You should overload your function:
const lookupTable = {
A: () => "foo",
B: () => 1,
} as const;
function findInTable<T extends keyof typeof lookupTable>(
p: T
):ReturnType<typeof lookupTable[T]>
function findInTable<T extends keyof typeof lookupTable>(
p: T
) {
return lookupTable[p]();
}
const isString = findInTable("A"); // string
const isNumber = findInTable("B"); // number
Playground
Try to avoid declaring explicit types like here const isString: string
Most of the time TS should do the work for you.
AFAIK, function overloads are bivariant. It is mean that they are not so strict.
TS does not check function inner implementation with overloaded implementation.

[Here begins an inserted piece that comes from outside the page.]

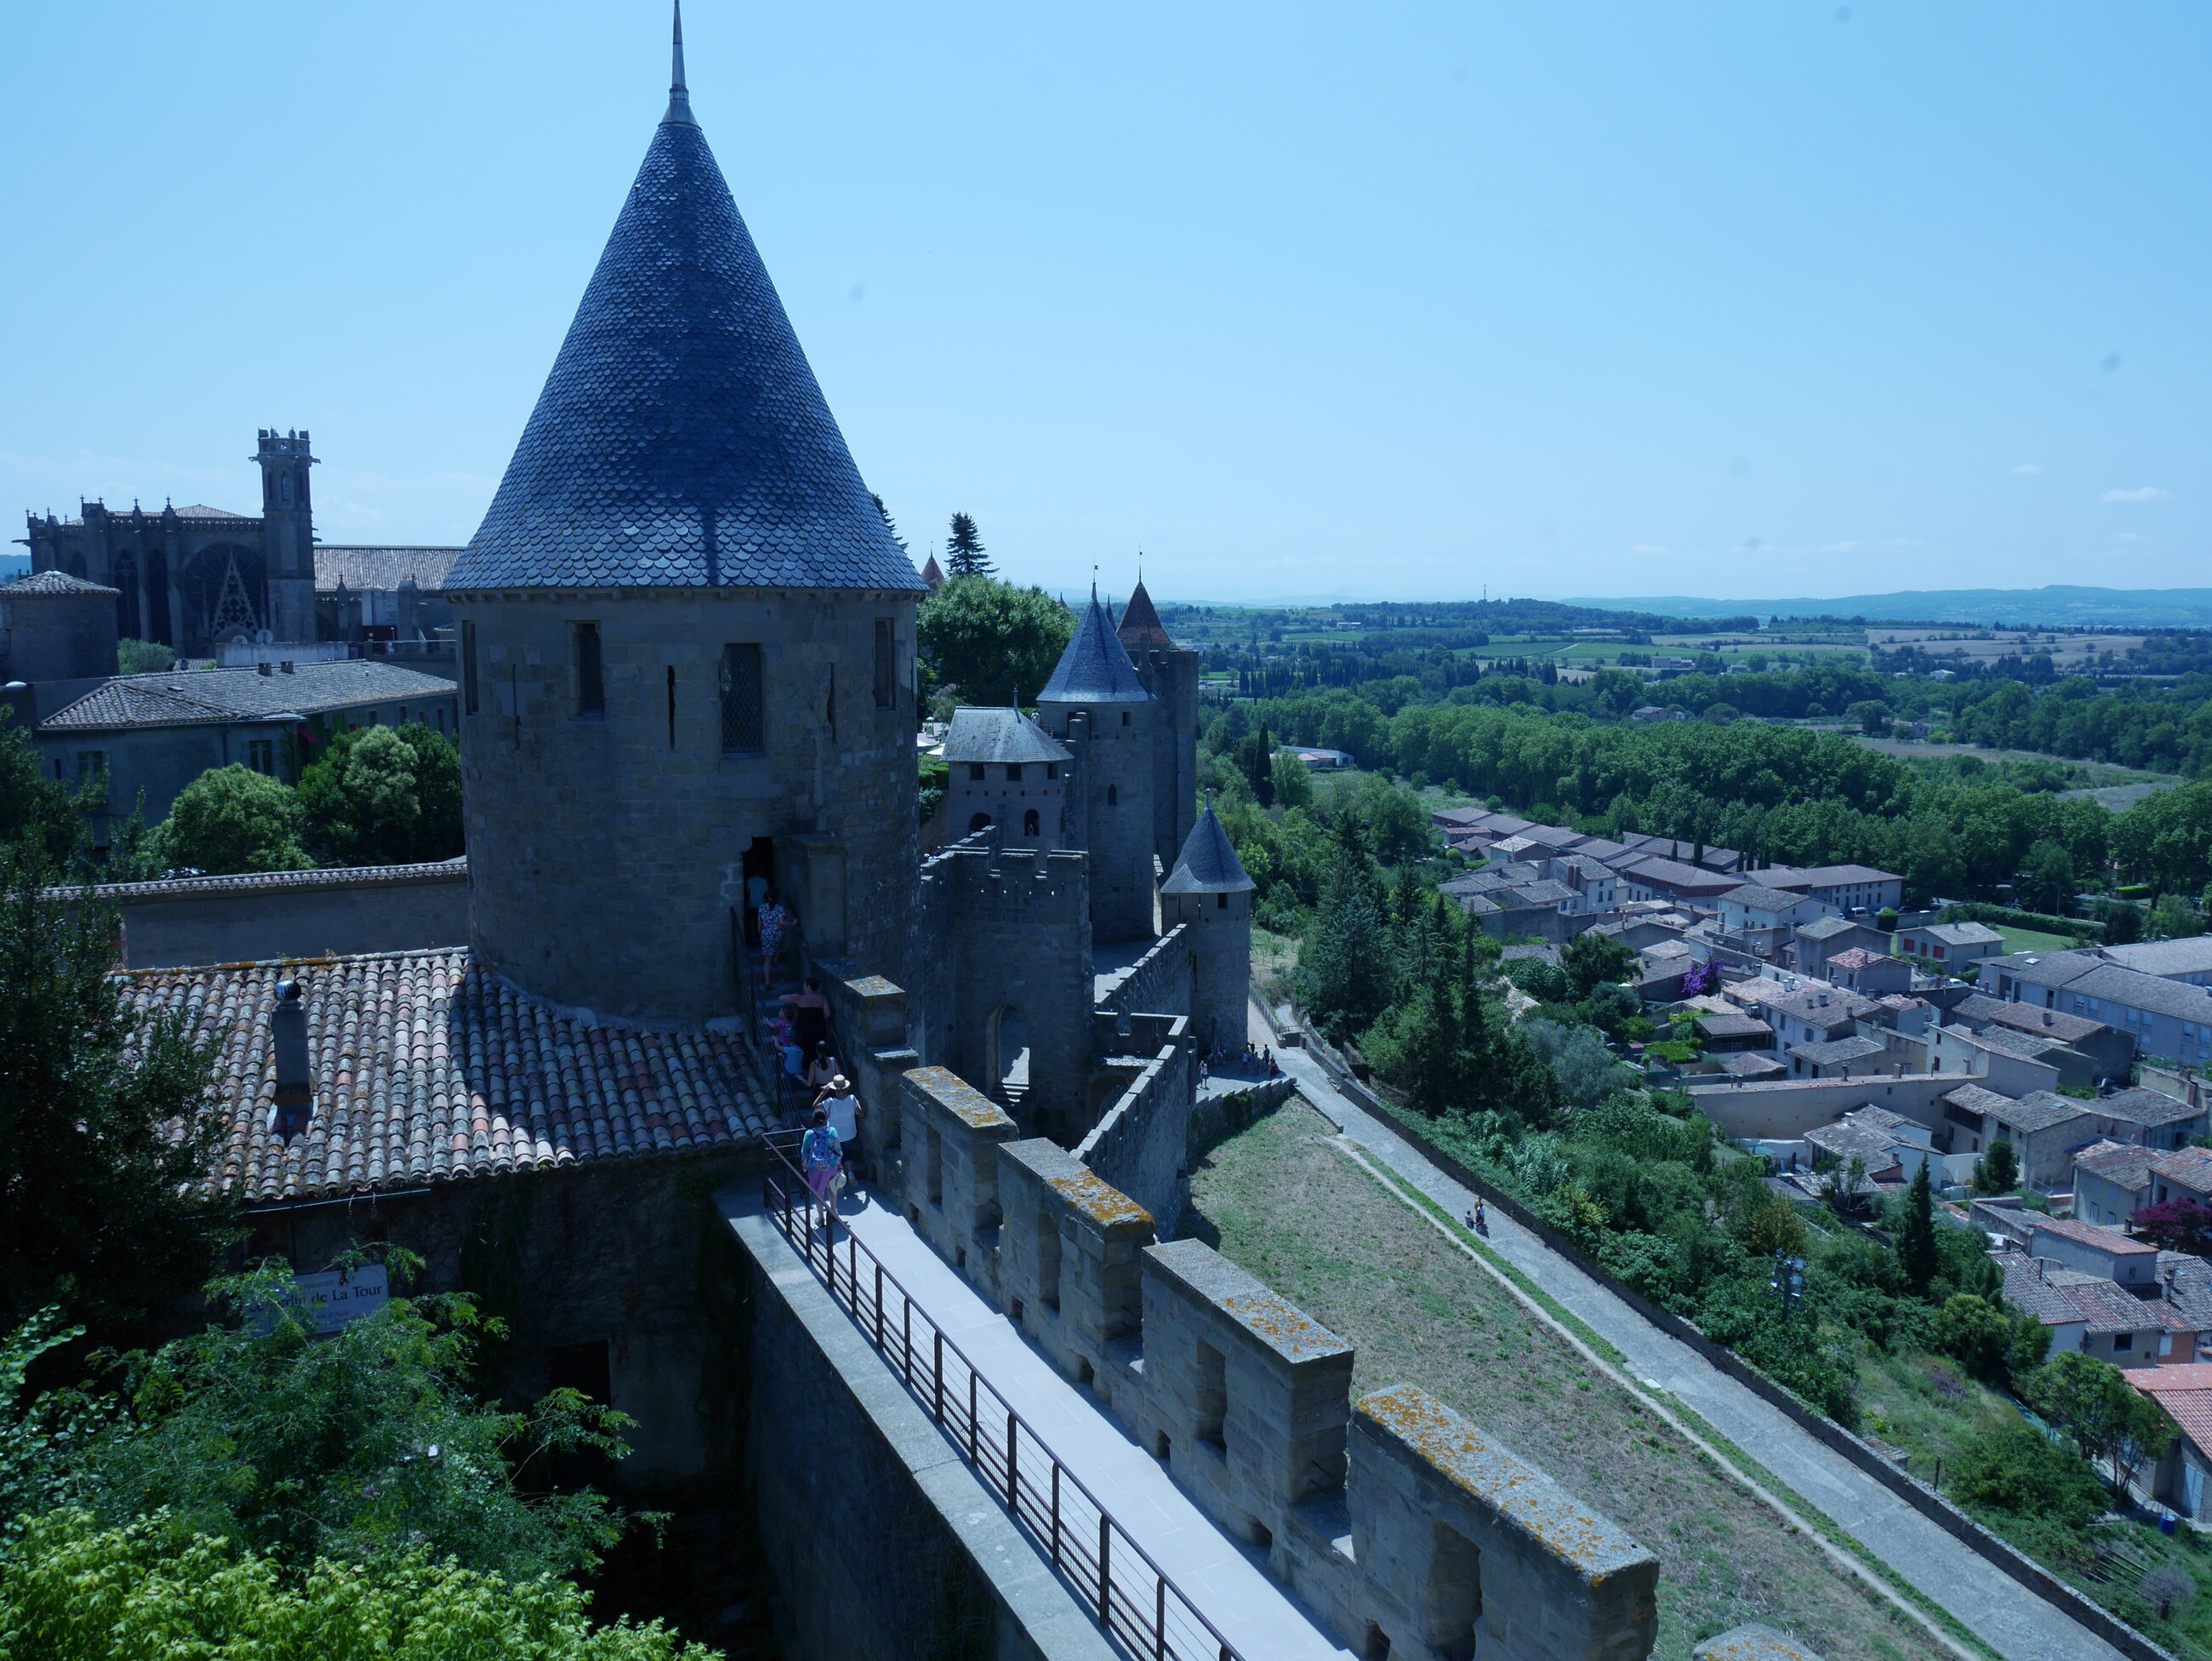 Took this picture on the Carcassone weekend excursion. Carcassonne is a medieval city rich with history, and I loved it so much!

Because T extends "A" | "B", this code is valid:
const lookupTable = {
A: () => "foo",
B: () => 1,
};
function findInTable<T extends "A" | "B">(
p: T
): ReturnType<typeof lookupTable[T]> {
return lookupTable[p](); // Can't assign string | number to ReturnType<{ A: () => string; B: () => number; }[T]>
}
const isString = findInTable<'B' | 'A'>("A");
const isNumber = findInTable<'B' | 'A'>("B");
And this is why TS cant figure out what function will return. In any moment it can be either A or B
If you want to be super safe, consider this example:
const lookupTable = {
A: () => "foo",
B: () => 1,
} as const;
// credits goes to https://stackoverflow.com/a/50375286
type UnionToIntersection<U> = (U extends any ? (k: U) => void : never) extends (
k: infer I
) => void
? I
: never;
// credits https://stackoverflow.com/users/125734/titian-cernicova-dragomir
type IsUnion<T> = [T] extends [UnionToIntersection<T>] ? false : true;
function findInTable<T extends keyof typeof lookupTable>(
p: IsUnion<T> extends true ? never : T
): ReturnType<typeof lookupTable[T]>
function findInTable<T extends keyof typeof lookupTable>(
p: T
) {
return lookupTable[p]();
}
const isString = findInTable<'A' | 'B'>("A"); // error
As you might have noticed you are not allowed to use findInTable<'A' | 'B'>("A") explicit union generic.